Personne par contre n’avait organisé la pente raide du Mont-Royal ce soir de juin 1976. Personne n’avait prévu les caisses de bière, les cercles de danse spontanés, les 300 000 personnes qui se reconnaissaient sans se consulter. Personne n’avait briefé les guitaristes de l’hôtel Valencia pour que Chan Chan me fasse pleurer ce matin-là. Personne n’avait planifié que je relirais Calvino au bon moment, dans le bon cours, avec enfin les bons outils pour comprendre ce que j’avais raté. Et la mer après l’orage, elle ne savait pas que j’allais être là.
Ce que ces moments ont en commun : ils sont arrivés par la bande. Dans la marge de ce qu’on avait planifié, réservé, payé. La résonance ne s’achète pas, elle se glisse dans ce qu’on n’avait pas prévu d’acheter.
On ne nous retire pas la fête ni la musique, pas même l’émotion. Celle-là, on nous l’offre, pré-emballée. Ce qu’on rend plus difficile, c’est la possibilité d’être traversés par surprise. C’est une question de disponibilité, une question de temps et de ce qu’on en fait. On travaille, on consomme les expériences qu’on nous a préparées, on rembourse. Le monde, lui, s’est transformé en catalogue. La montagne, la mer, la musique, tout s’achète, tout se réserve, tout s’évalue. Et ce qui ne se monnaye pas disparaît du champ de vision.
On travaille pour se distraire et pour rembourser. On s’endette pour se loger, pour étudier, pour soigner. Le futur est hypothéqué avant d’avoir commencé. Il n’y a plus de place pour l’utopie, plus d’espace pour imaginer autrement. Ce que Rosa appelle la dépossession du monde1 : non pas l’absence de choses, mais l’impossibilité de se projeter dans quoi que ce soit qui dépasse le prochain paiement.
Le rythme s’est accéléré. Les technologies vont plus vite, les attentes aussi. On dort moins, on mange entre deux réunions, on optimise ses vacances. Même le repos est devenu une tâche à accomplir correctement.
Dans cette vitesse, la lenteur nécessaire à la résonance disparaît. On n’a plus le temps d’être traversé. Et si on s’arrête, si on s’enfarge, si on demande de l’aide pour se relever, on découvre qu’il faut se déshabiller.
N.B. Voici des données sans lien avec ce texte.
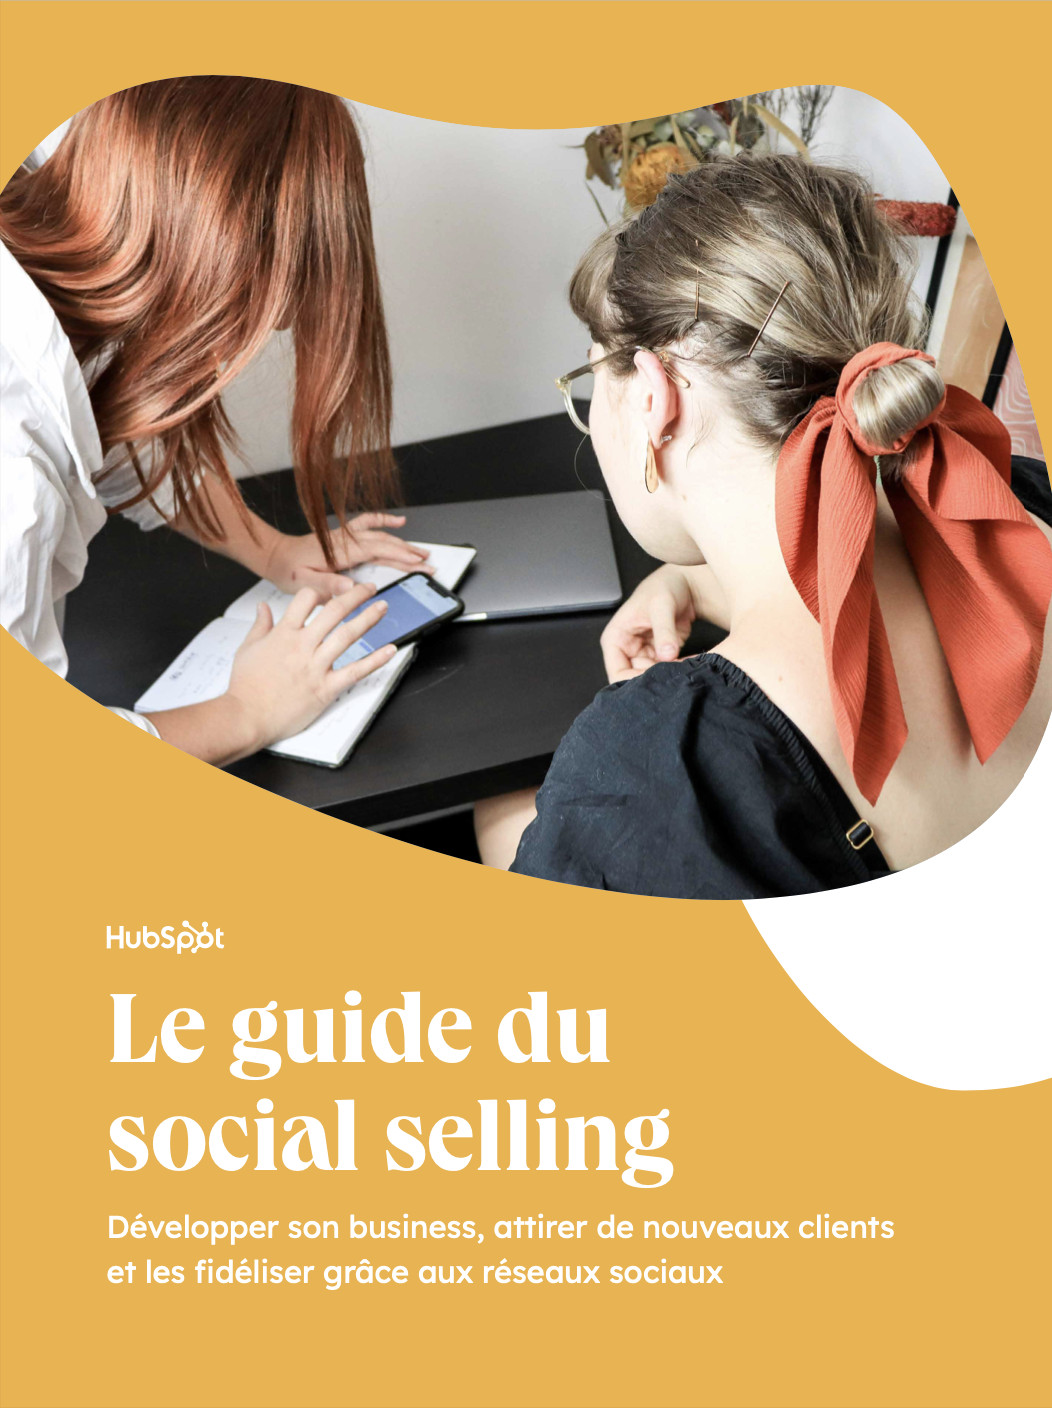 Le guide du social selling

L’aide, la reconnaissance, la place, elles arriveront après le striptease de soi, après l’étalement du manque jusqu’à la souffrance nue. C’est seulement là qu’on vous aperçoit. Et l’être devient bénéficiaire. On nous fait enfin la faveur de reconnaître le besoin.
Et au bout de tout ça, c’est la disponibilité qui se ferme. Pas d’effondrement, pas de crise. Juste une fatigue tranquille. Ce qui nous entoure semble trop lourd, trop hostile ou trop douloureux. Alors on rétrécit. On cherche ce qui engourdit, ce qui occupe sans nourrir. Les écrans, le scroll infini, la télé en bruit de fond, la consommation de contenu. Des choses qui remplissent le silence sans vraiment répondre.
Et pourtant…
Le Mont-Royal de 1976 demandait juste qu’on monte la pente.
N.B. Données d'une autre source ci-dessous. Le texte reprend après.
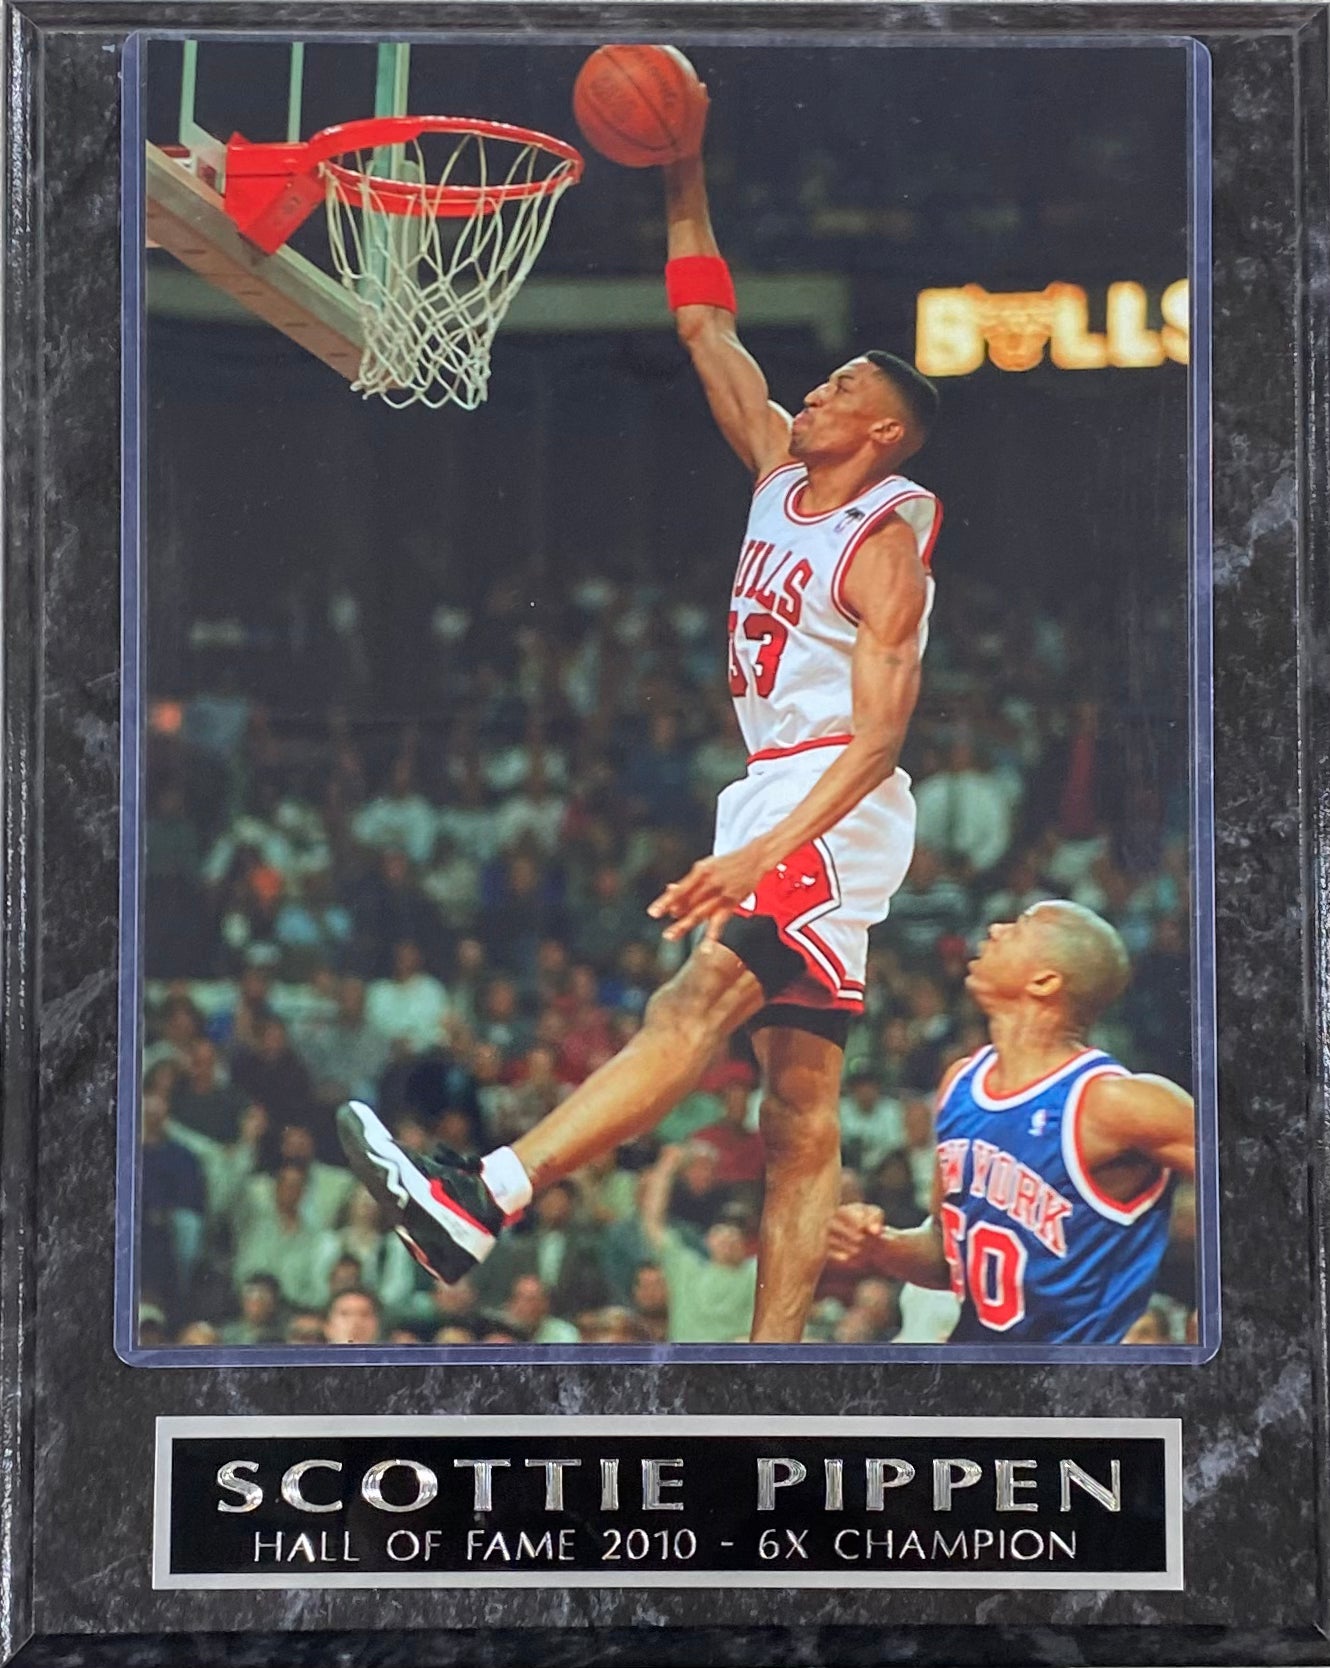 Scottie Pippen Chicago Bulls Hall of Fame 2010 6x Champion

J’ai longtemps pensé être quelqu’un de pessimiste. Le monde va mal, les institutions déçoivent, la beauté se monnaie et le collectif se gère.
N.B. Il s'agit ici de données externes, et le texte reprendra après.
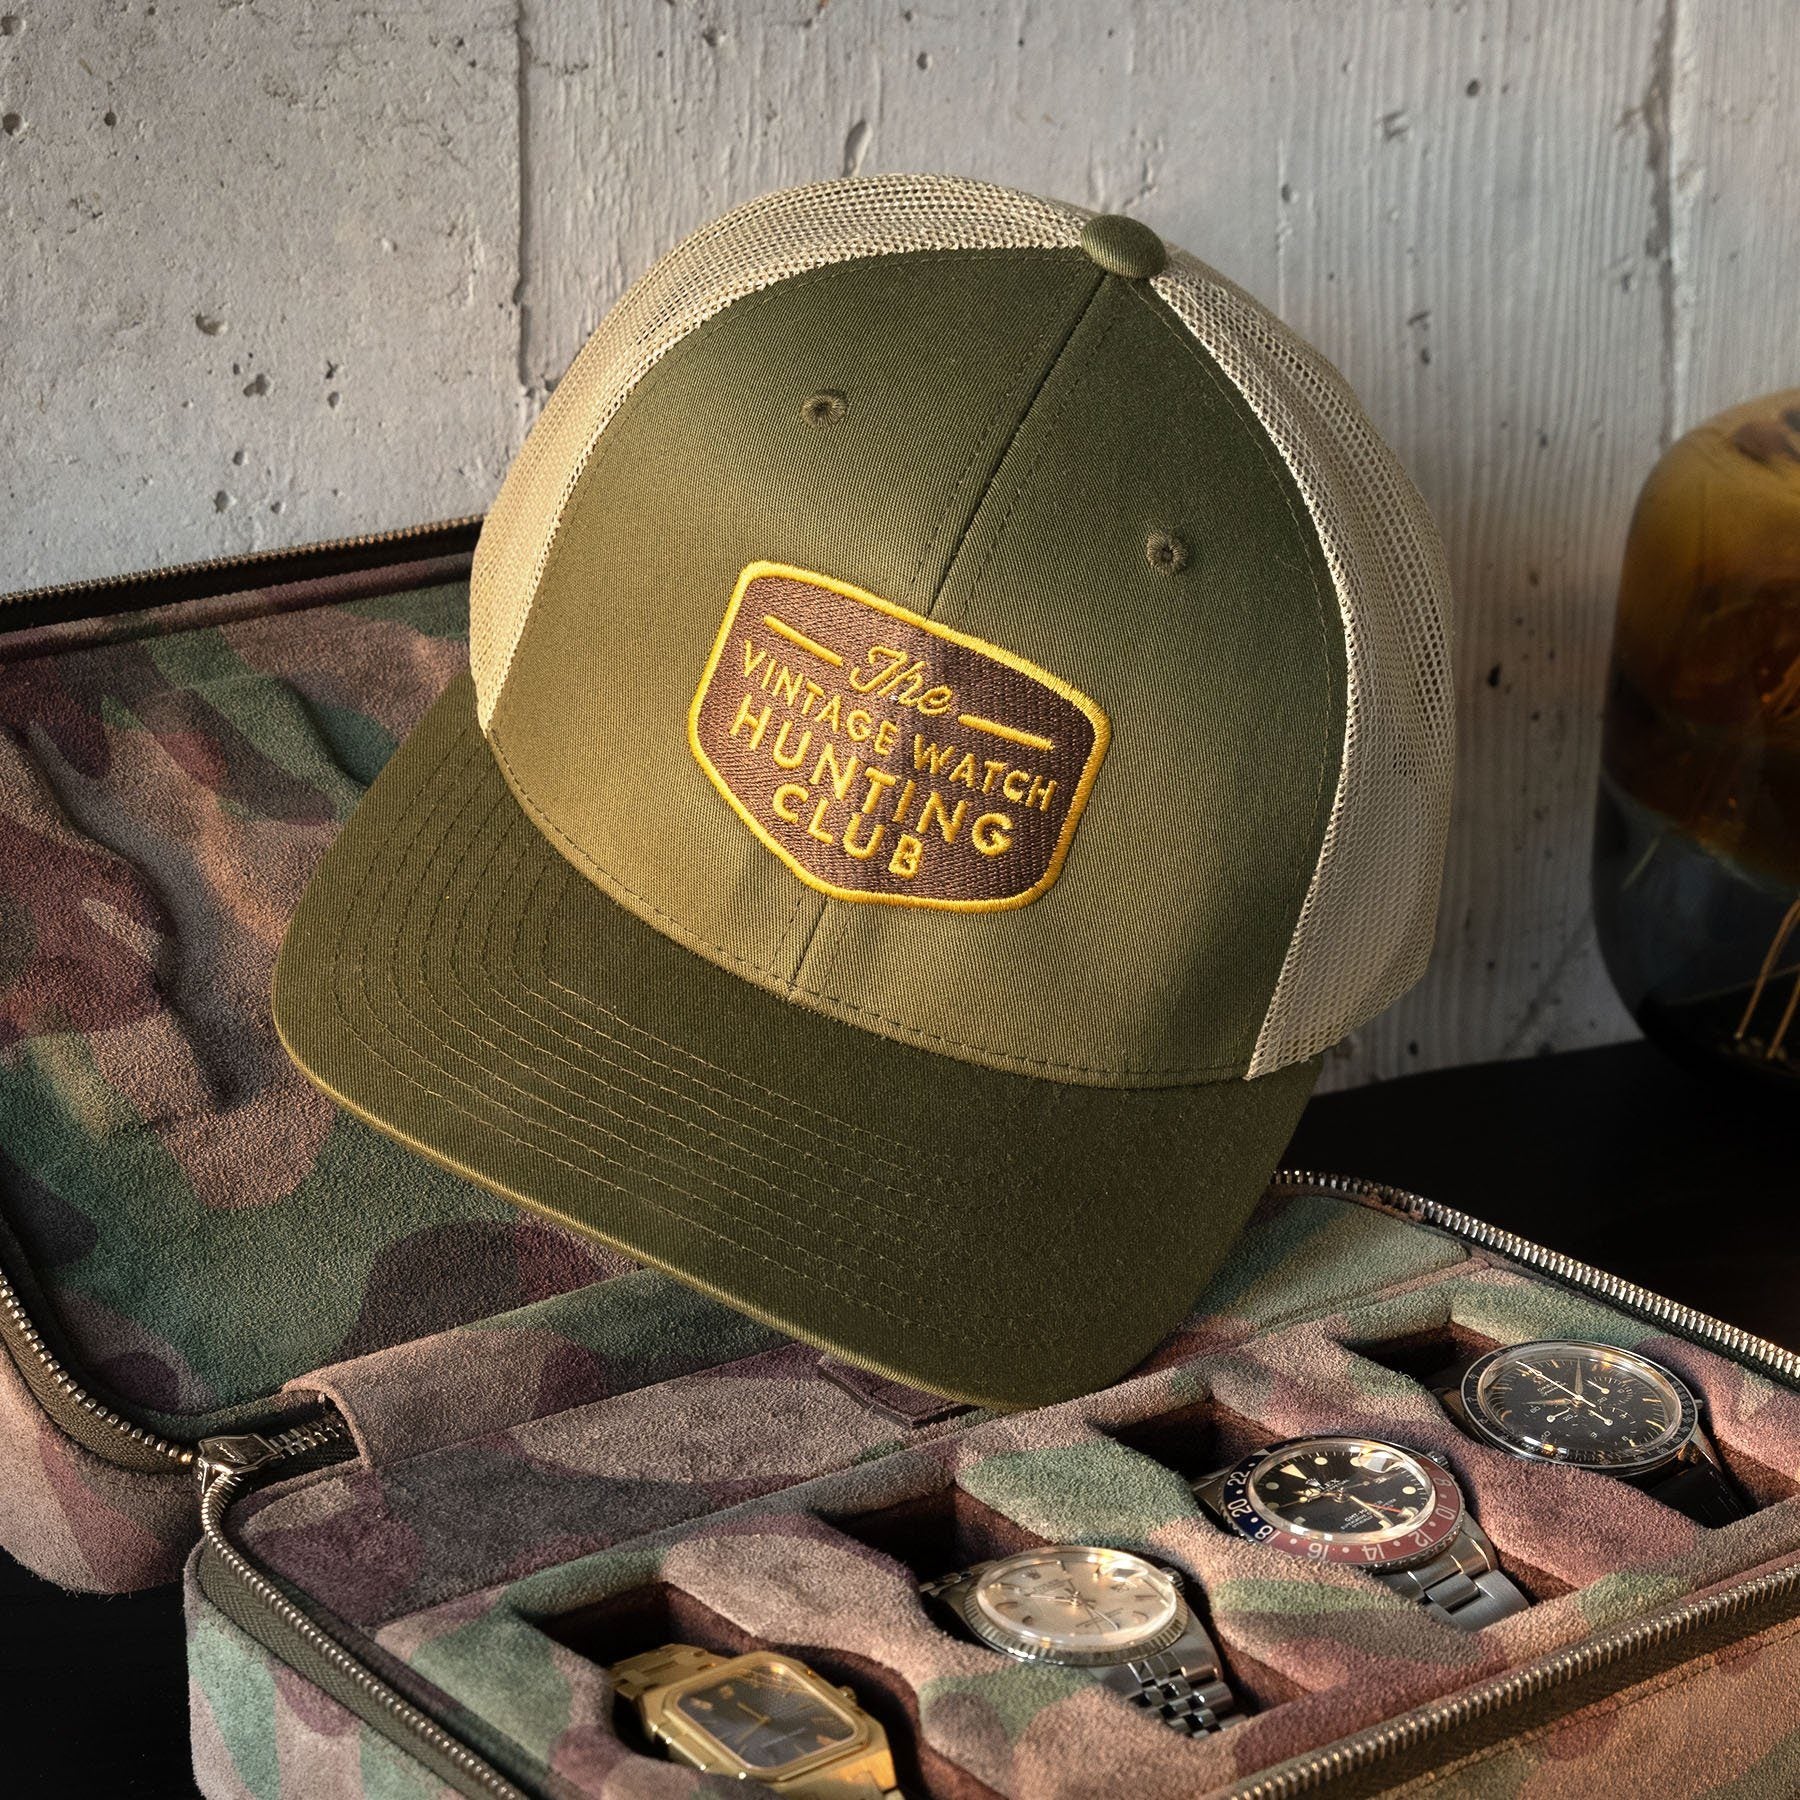 The Vintage Watch Hunting Club Green Ballcap

Mais en écrivant tout ça, je réalise que chaque fois que quelque chose m’a traversée, que ce soit sur le Mont-Royal, à La Havane, devant la mer, avec Calvino, je n’ai pas conclu que c’était la dernière fois. J’ai attendu la prochaine.
Ernst Bloch appelait ça le principe espérance. Ça n’a rien à voir avec l’optimisme, ni avec la conviction que les choses vont s’arranger. C’est plus têtu que ça. La tension vers ce qui n’existe pas encore mais pourrait exister. L’humain comme être de ce “pas-encore”, toujours penché vers devant.
À défaut de pouvoir faire autrement.
Il suffit parfois de monter la pente.
Weltentfremdung, dépossession du monde.